With these values, the memory was corrupted and caused the database to crash under the stress test, wich means that PostgreSQL process did shut down all connections and killed the postmaster process, making the server to show a message and don't shut down or come back.

With all the information I have now, I can see this was probably caused by the huge amount of threads I've put. The new threads where trying to get more and more memory, and the OS just couldn't give it. As both AOLServer and PostgreSQL where theoretically using the same memory area, it caused the DB to corrupt and to kill the process.

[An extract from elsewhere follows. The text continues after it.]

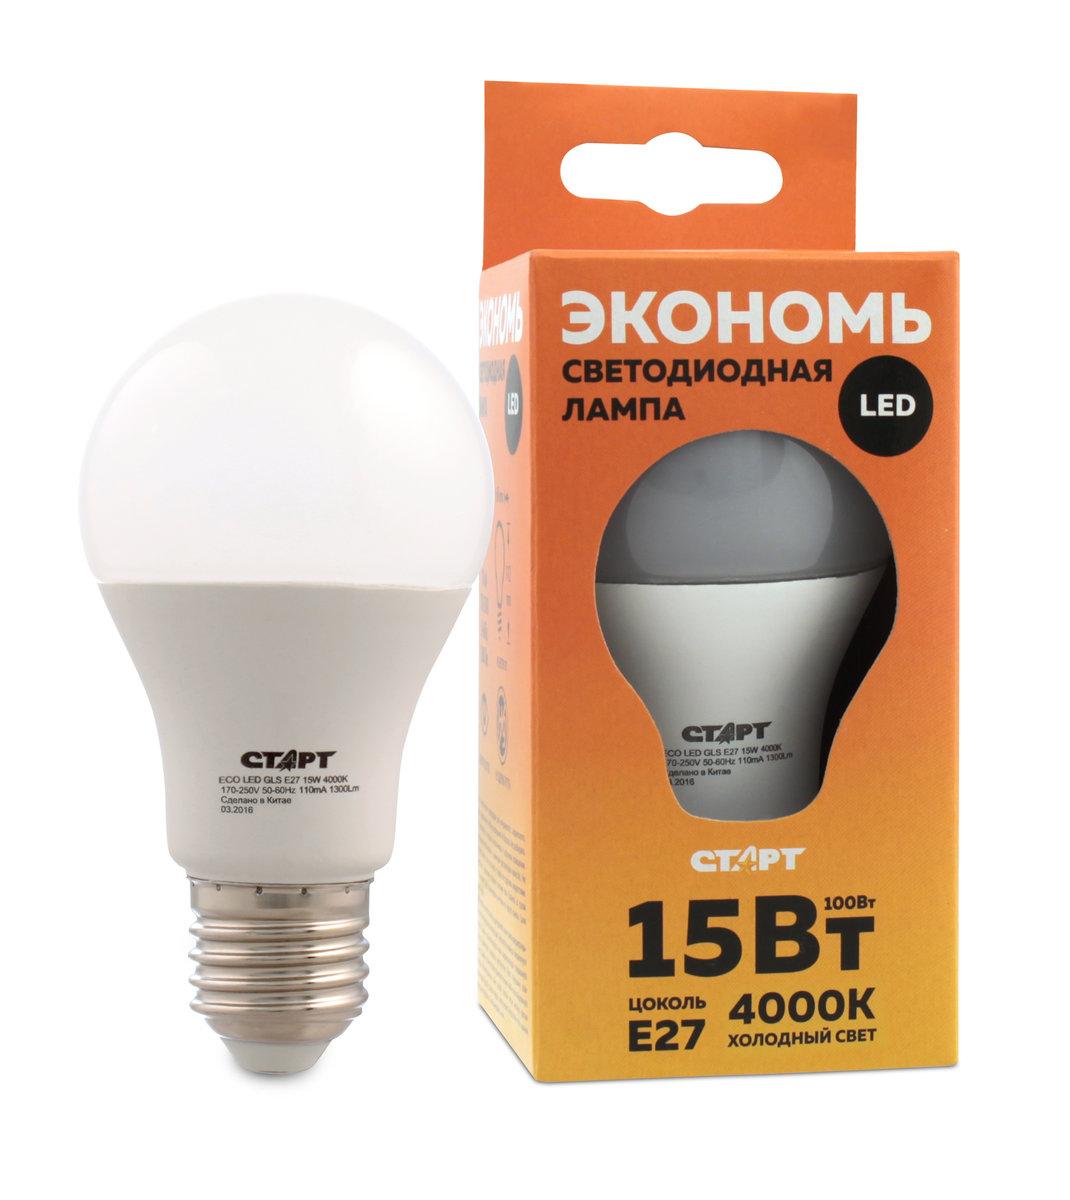 Лампа светодиодная СТАРТ, холодный свет, цоколь E27, 15W10665Светодиодная лампа СТАРТ – это самый энергоэффективный источник света, при этом имеющий рекордный срок службы. Светодиодные лампы – изделия прочные, не боятся падения с высоты человеческого роста, встрясок и вибраций. Лампа не имеет вредных материалов в своем составе, а также в процессе эксплуатации светодиодная лампа не излучает ИК- и УФ-лучи.Мощность, Вт: 15.Световой поток, Лм: 1200.Напряжение и частота: 220-240 V.мЦоколь: E27.Угол светового пучка: 240°Цветовая температура, К: 4000.Срок службы, часов: 15000.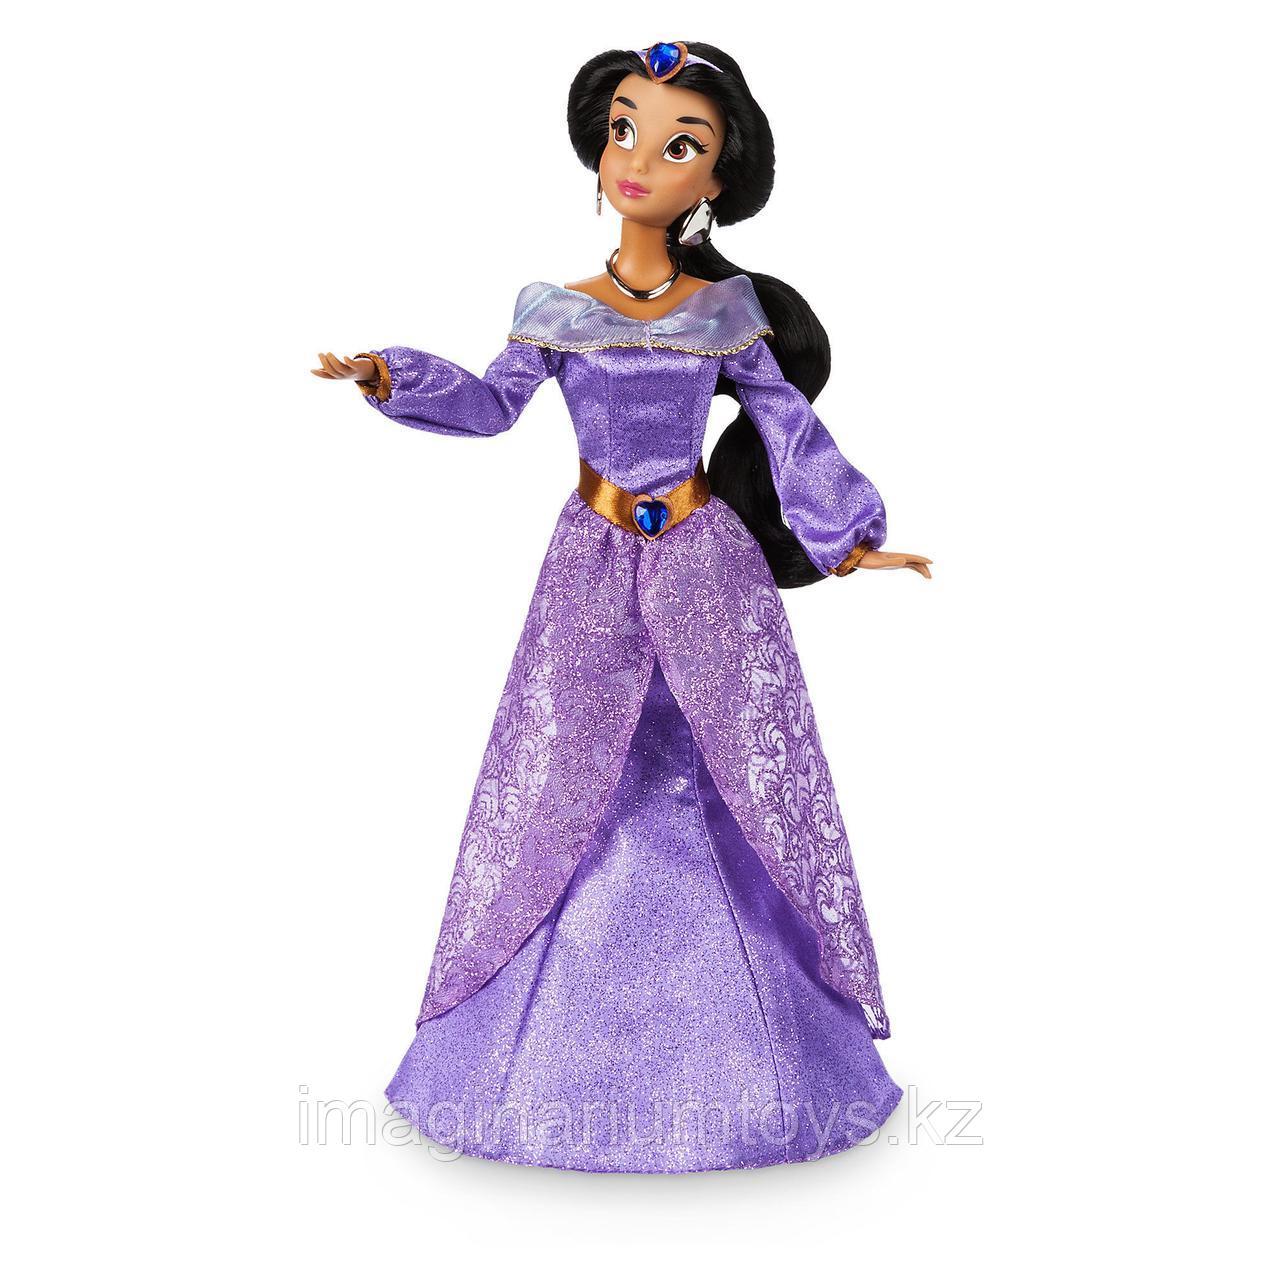 Поющая Кукла Жасмин из м/ф «Алладин» Disney

If they where split in different servers maybe this wouldn't happen, and it made us think that different servers are always the best solution. No matter what you do wrong and what happens to the server, the AOLServer crash will not kill the DB process and DB will also not kill AOLServer too. This could be the safer choice for the case.

Collapse
Posted by Gustaf Neumann on

If you consider that a socket connection is quite faster than a TCP/IP connection ...
Well one has to be more precise. One has to distinguish between a local socket (IPC socket, unix domain socket) and a networking socket (e.g. TCP socket). Local communication is faster (at least it should be) than remote communication.

As discussed above, the minthreads/maxthreads values of the configuration are not reasonable (not sure what you were trying to simulate/measure/...). I have certain doubts, that the memory was "corrupted", but i have no problems to believe that several processes crashed on your system when it run out of memory. For running large applications one should become familiar with system monitors that measure resource consumptions. This way one can spot shortages and adjust the parameters in reasonable ways.